To address this issue, we present a novel program logic that enables compositional reasoning about the behaviour of concurrently executing weakly-isolated transactions. We also describe an inference procedure based on this foundation that ascertains the weakest isolation level that still guarantees the safety of high-level consistency invariants associated with such transactions. The key to effective inference is the observation that weakly-isolated transactions can be viewed as monadic computations over an abstract database state, allowing us to treat their operations as state transformers over the database. This interpretation enables automated verification using off-the-shelf SMT solvers. Our results allow us to place weakly-isolated transactions on the same formal footing as their serializable counterparts.
Designing Gradual Languages
Gradualizing type systems often involves a lot of guesswork.

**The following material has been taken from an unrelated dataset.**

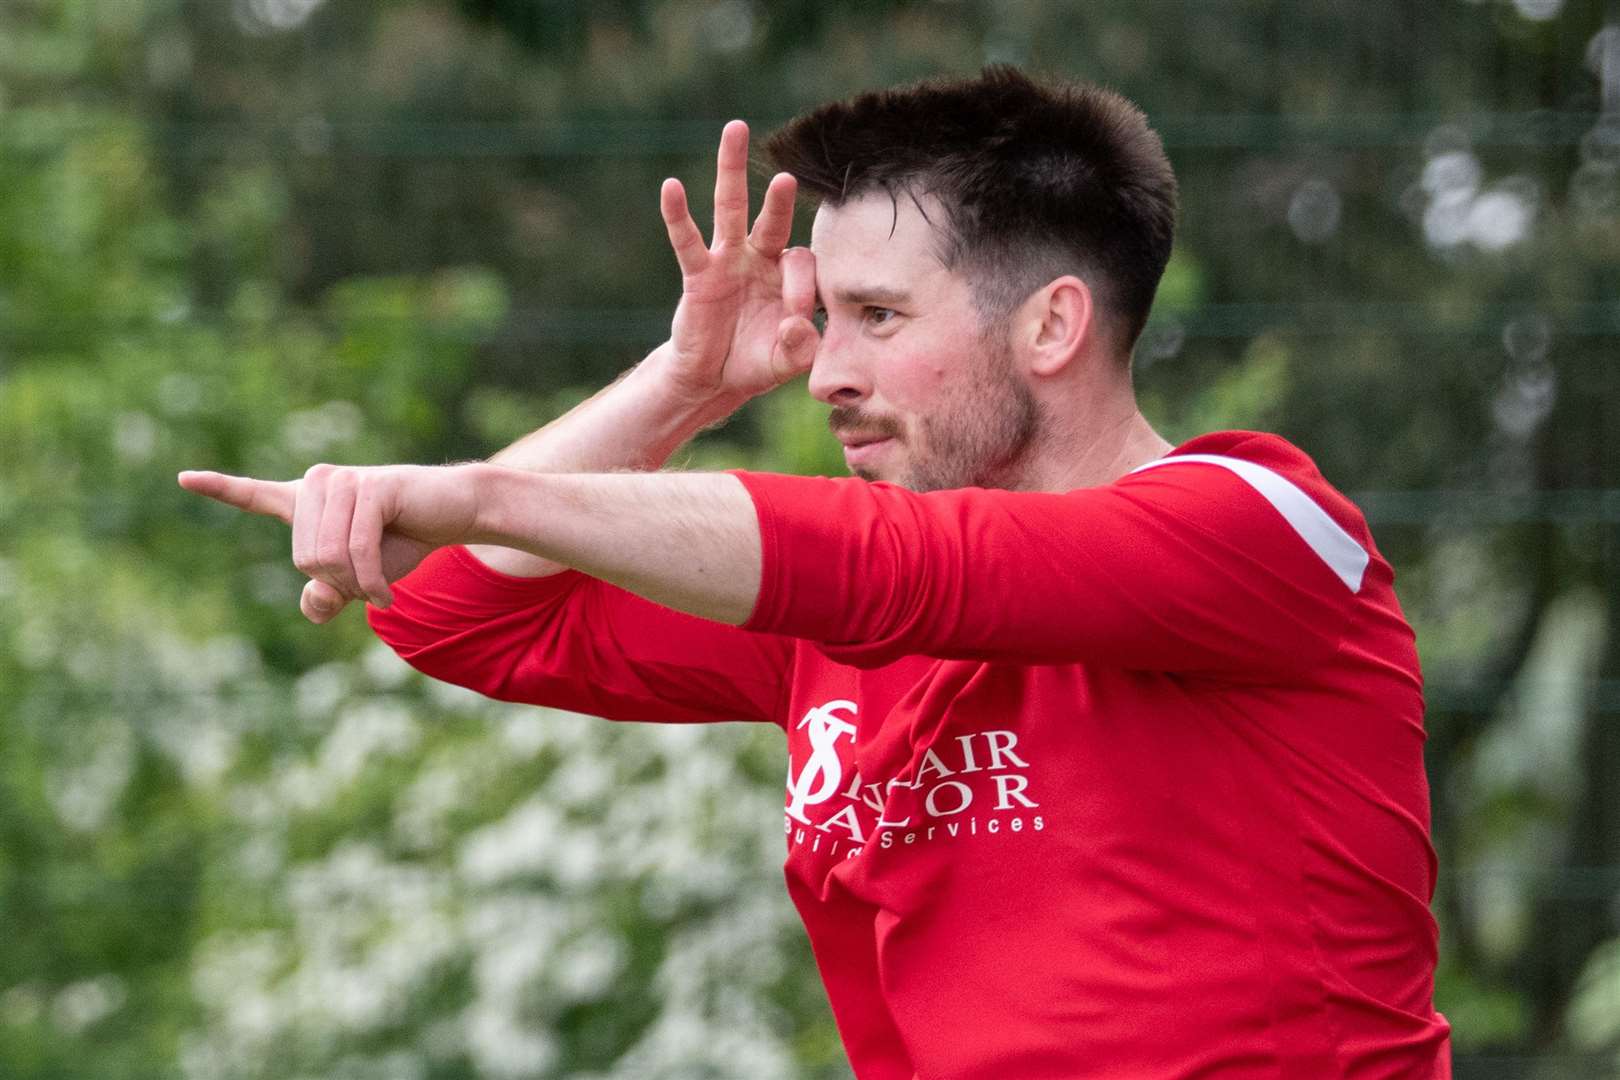 Forres Thistle's Matthew Fraser celebrates his goal after he makes it 1-1 in the first half...Dufftown FC (2) vs Forres Thistle FC (2) - Dufftown FC win 5-3 on penalties - Elginshire Cup Final held at Logie Park, Forres 14/05/2022...Picture: Daniel Forsyth..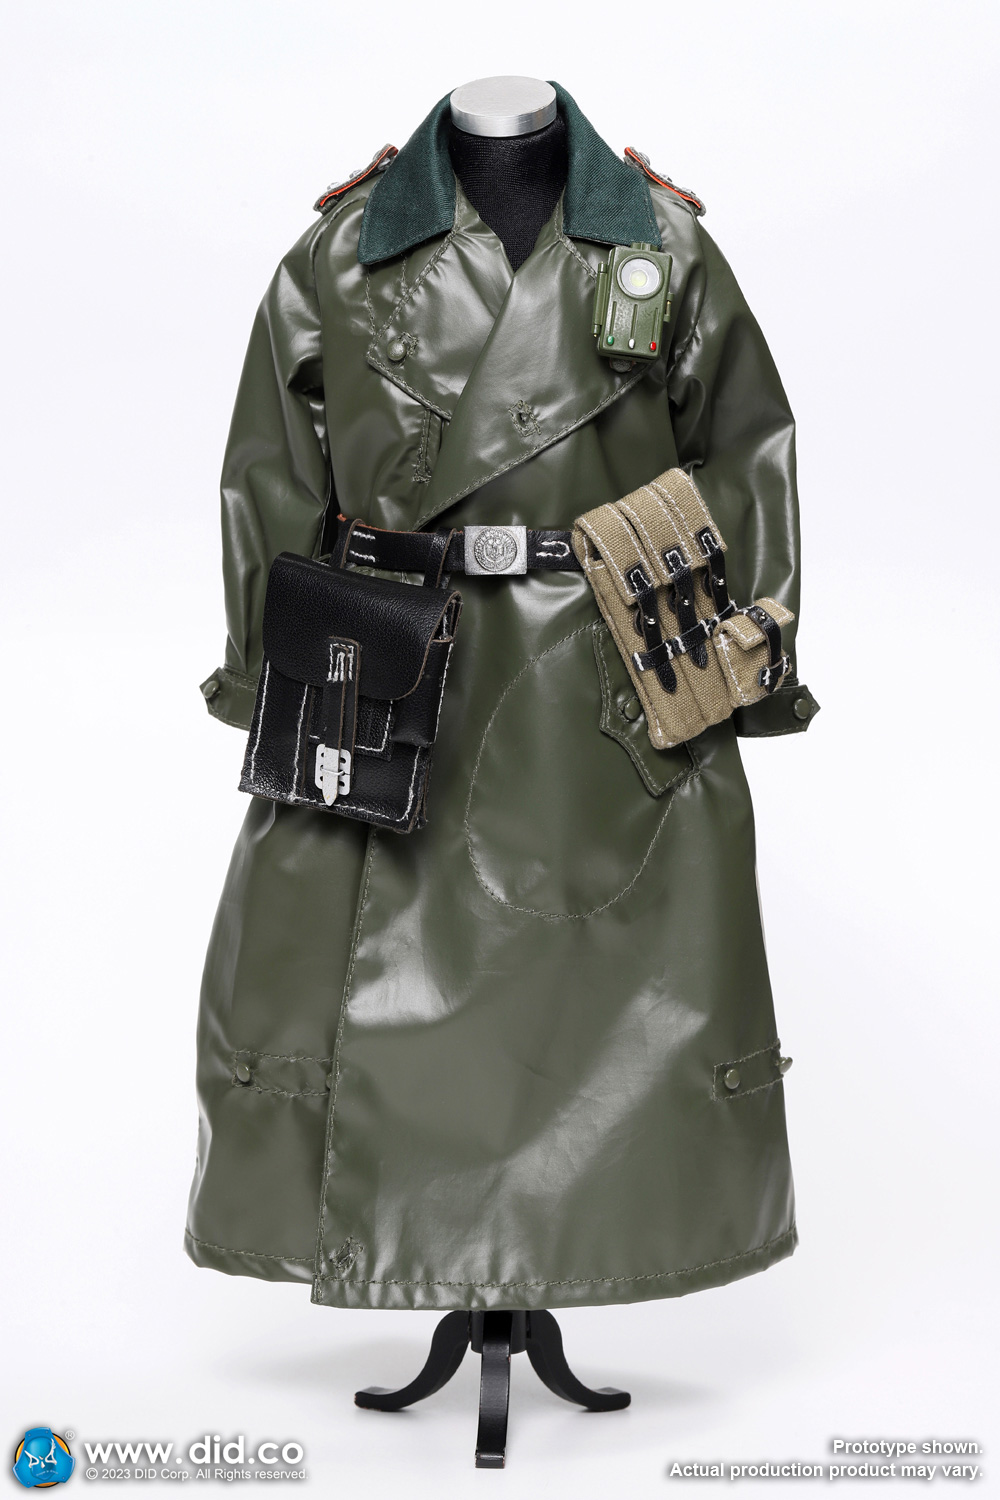 german - NEW PRODUCT: DiD: D80166 WWII German Military Policeman – Richard 1/6 scale action figure 4412

Based on an understanding of gradual types as abstractions of static types, we have developed systematic foundations for gradual typing based on abstract interpretation. This talk reports on recent work in applying this approach to a number of typing disciplines. In particular, we highlight the value of Galois connections in gradual language design, and identify open research questions.
Gradual Liquid Types
We present gradual liquid type inference, a novel combination of refinement types with gradual refinements that range over a finite set of SMT-decidable predicates. This finiteness restriction allows for an algorithmic inference procedure where all possibly valid interpretations of a gradual refinement are exhaustively checked. Thanks to exhaustive searching we can detect the safe concretizations, i.e. the concrete refinements that justify why a program with gradual refinements is well-typed. We make the novel observation that gradual liquid type inference can be used for static liquid type error explanation, since the safe concretizations exhibit all the potential inconsistencies that lead to type errors. Based on Liquid Haskell, we implement gradual liquid type inference in GuiLT, a tool that interactively presents all the safe concretizations of gradual liquid types and demonstrate its utility for user-guided migration of three commonly-used Haskell list manipulation libraries.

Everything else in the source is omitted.